ANYWAY, despite the fact her and my grandpa did not have a very loving relationship, didn’t’ even share a room nor bed since I was born at LEAST, my grandpa died within months of her.

It’s the way it goes.

I think he would have been ok with her having a “boyfriend.” She was in a home, he wasn’t. He just loved her so much despite it all. He couldn’t live without her.

I keep thinking about how happy she must have been not being difficult…wow.

I suspect it’s the same with O’Connor. She loves him, to see him happy is not an ego-crusher, but simply a relief.


#7

I worked in nursing homes for many years. One man that stands out had no recollection of the wife that came to visit him every single day. You would tell him that his wife was there, he’d say, “Nah, that’s not my wife” He couldn’t get his brain around the fact that that the silver haired woman in front of him was the red haired beauty that he married. It broke her heart that he didn’t know who she was.

The news report said that he hated being there so much that he talked about wanting to die.
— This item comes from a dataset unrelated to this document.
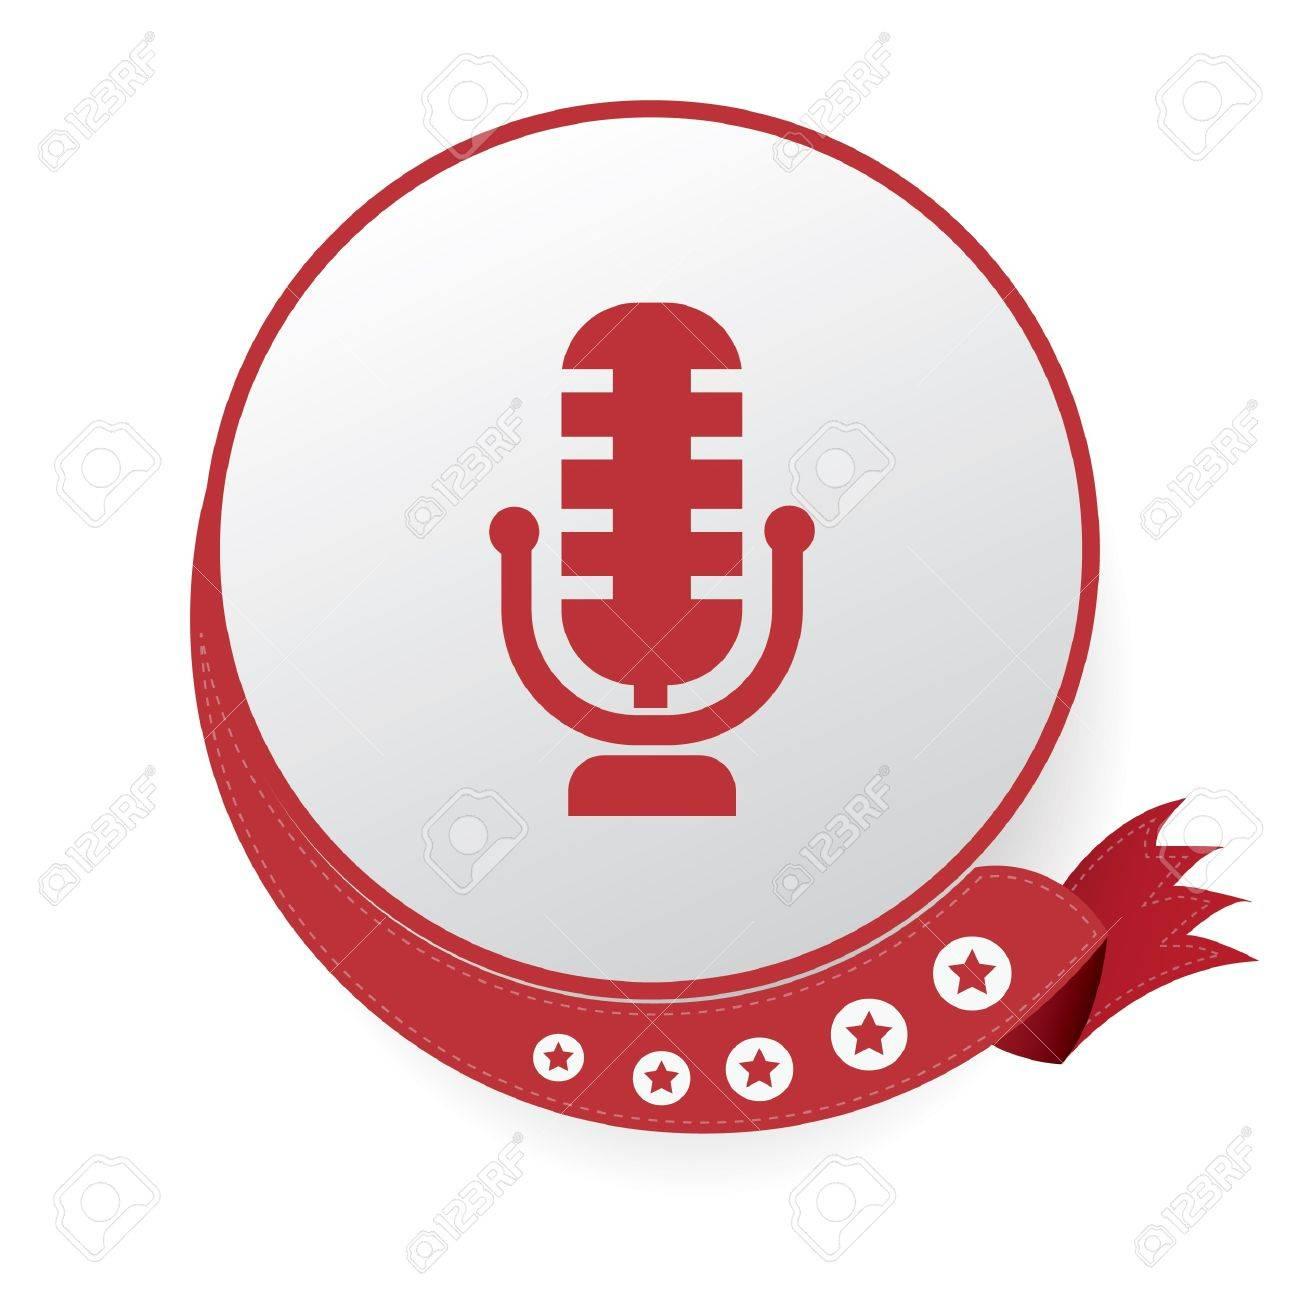 Ziemlich Symbol Mikrofon Bilder - Elektrische Schaltplan-Ideen ...

That is a heavy dose of guilt for the person who places a loved one in a facility. Now he is content.

I wouldn’t be surprised if in these situations, the new friend reminds the person of their spouse in some way…something evokes a memory or feels familiar, when the real person may no longer do that.

God bless Mrs O’Conner. What selflessness, what hearbreak, what loss. But she lost her husband when alzheimers took over his brain. Now they are just trying to keep him content in his last days. I will keep them in my prayers.